See information about the latest product version
Large output messages
So far the recommendations have covered the input message trees and how these trees can be handled and copied efficiently. However, some message flows might need to generate a large output message, especially if a large input message is being augmented and routed.
Root
- Properties
-
- MQMD
- ..
- XMLNSC
- TestCase
- Record
- Field01 = A
- Field02 = B
- Field03 = C
- Field04 = D
- Field05 = E
- Record
- ...
- Record
- ...
In this example tree, Record repeats 100 000 times. The parent field that is combined with its 5 child fields, means that there are 600 000 output fields for the repeating records. The resulting large output message tree could cause memory issues in the DataFlowEngine process.
While most domains can parse large input messages using large message handling techniques, only a few domains are able to store large message trees. The domain needs to be able to serialize using the FolderBitStream instruction (that is, serialize a portion at a time).Then, the domains serialization needs to support elements of type BitStream.

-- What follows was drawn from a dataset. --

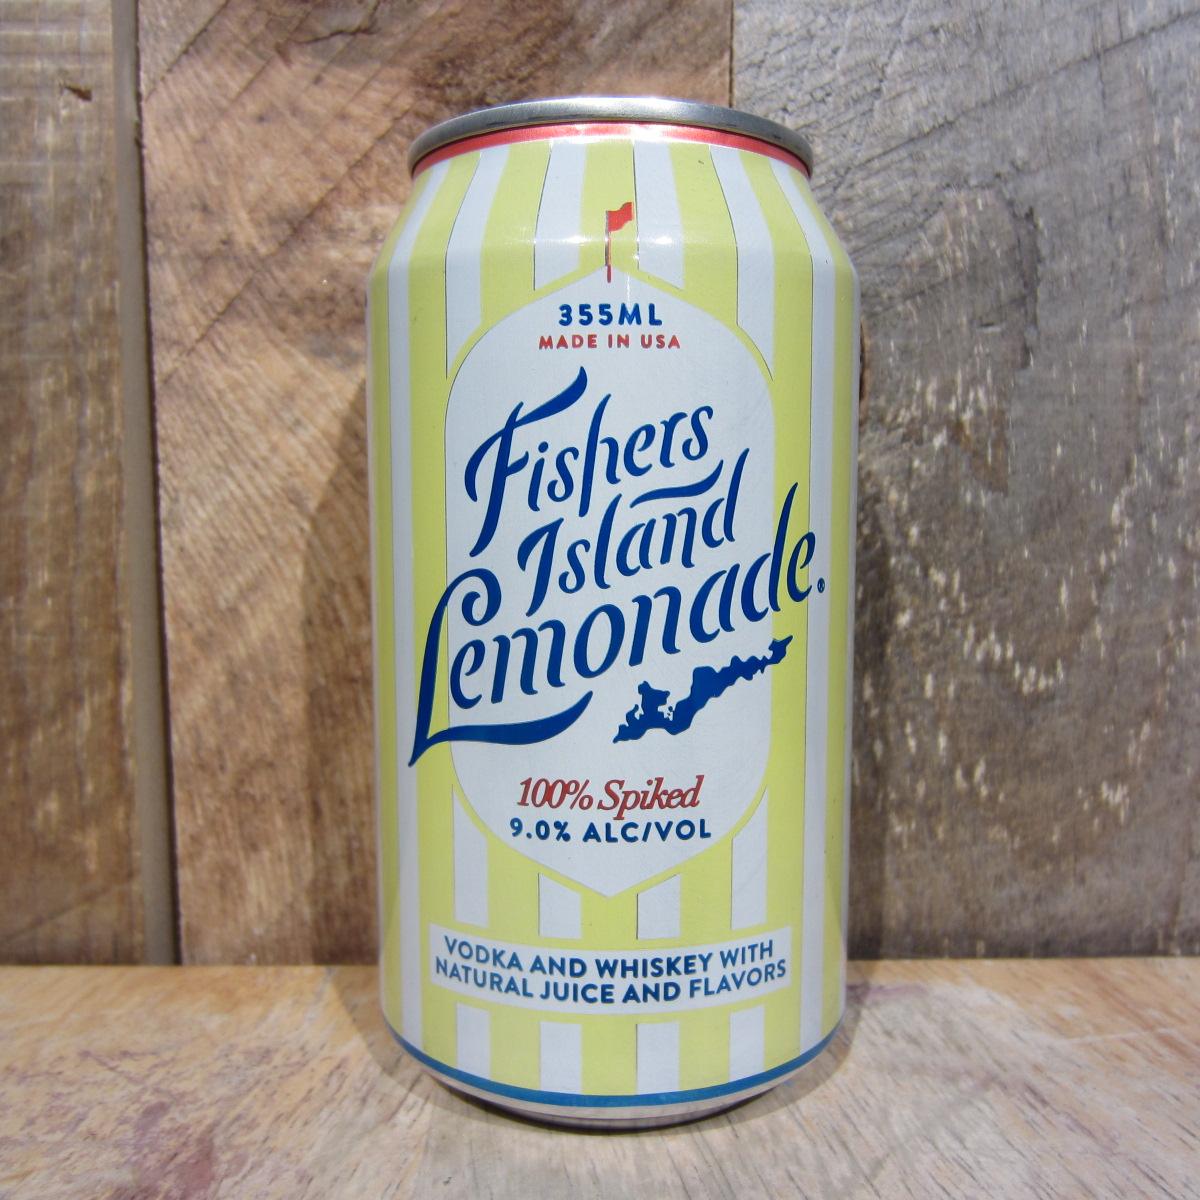 Fishers Island Lemonade 375ml (Can)

CREATE LASTCHILD OF OutputRoot DOMAIN('XMLNSC') NAME 'XMLNSC';
DECLARE outRef REFERENCE TO OuptutRoot.XMLNSC;
CREATE LASTCHILD OF outRef AS outRef NAME 'TestCase';
DECLARE currentRecord REFERENCE TO outRef
DECLARE recordTotal INT 100000;
DECLARE recordCount INT 0;
WHILE recordCount < recordTotal DO
CREATE LASTCHILD OF outRef AS currentRecord NAME 'Record';
SET currentRecord.Field01 = 'A';
SET currentRecord.Field02 = 'B';
SET currentRecord.Field03 = 'C';
SET currentRecord.Field04 = 'D';
SET currentRecord.Field05 = 'E';
SET recordCount = recordCount + 1;
END WHILE;
When
augmenting a large message then the large message handling techniques for parsing and writing large
messages may be combined. The next record would be parsed using partial parsing. This
next record could be updated and then ASBITSTREAM called on it in FolderBitStream
mode, and inserted into the tree as a BitStream field. The current record is
then deleted, as shown in the following example:CREATE LASTCHILD OF OutputRoot DOMAIN('XMLNSC') NAME 'XMLNSC';
DECLARE outRef REFERENCE TO OuptutRoot.XMLNSC;
DECLARE currentRecord REFERENCE TO outRef
CREATE LASTCHILD OF currentRecord AS currentRecord NAME 'Record';
CREATE LASTCHILD OF outRef AS outRef NAME 'TestCase';
DECLARE folderBytes BLOB;
DECLARE recordTotal INT 100000;
DECLARE recordCount INT 0;
WHILE recordCount < recordTotal DO
SET currentRecord.Field01 = 'A';
SET currentRecord.Field02 = 'B';
SET currentRecord.Field03 = 'C';
SET currentRecord.Field04 = 'D';
SET currentRecord.Field05 = 'E';
SET folderBytes = ASBITSTREAM(currentRecord OPTIONS FolderBitStream);
CREATE LASTCHILD OF outRef TYPE XMLNSC.BitStream NAME 'Record' VALUE folderBytes;
SET recordCount = recordCount + 1;
DELETE FIELD currentRecord; -- Free up the temporary record that was used in serialization.
END WHILE;
Although
a message flow that handles real business data is likely to be more complex than this example, the
technique is the same. Use ASBITSTREAM in FolderBitStream mode on the next record,
insert it into the tree as BitStream field and then delete the current record
as shown in the following example:--Parse in the Environment message tree to avoid clashing with the OutputRoot.XMLNSC folder.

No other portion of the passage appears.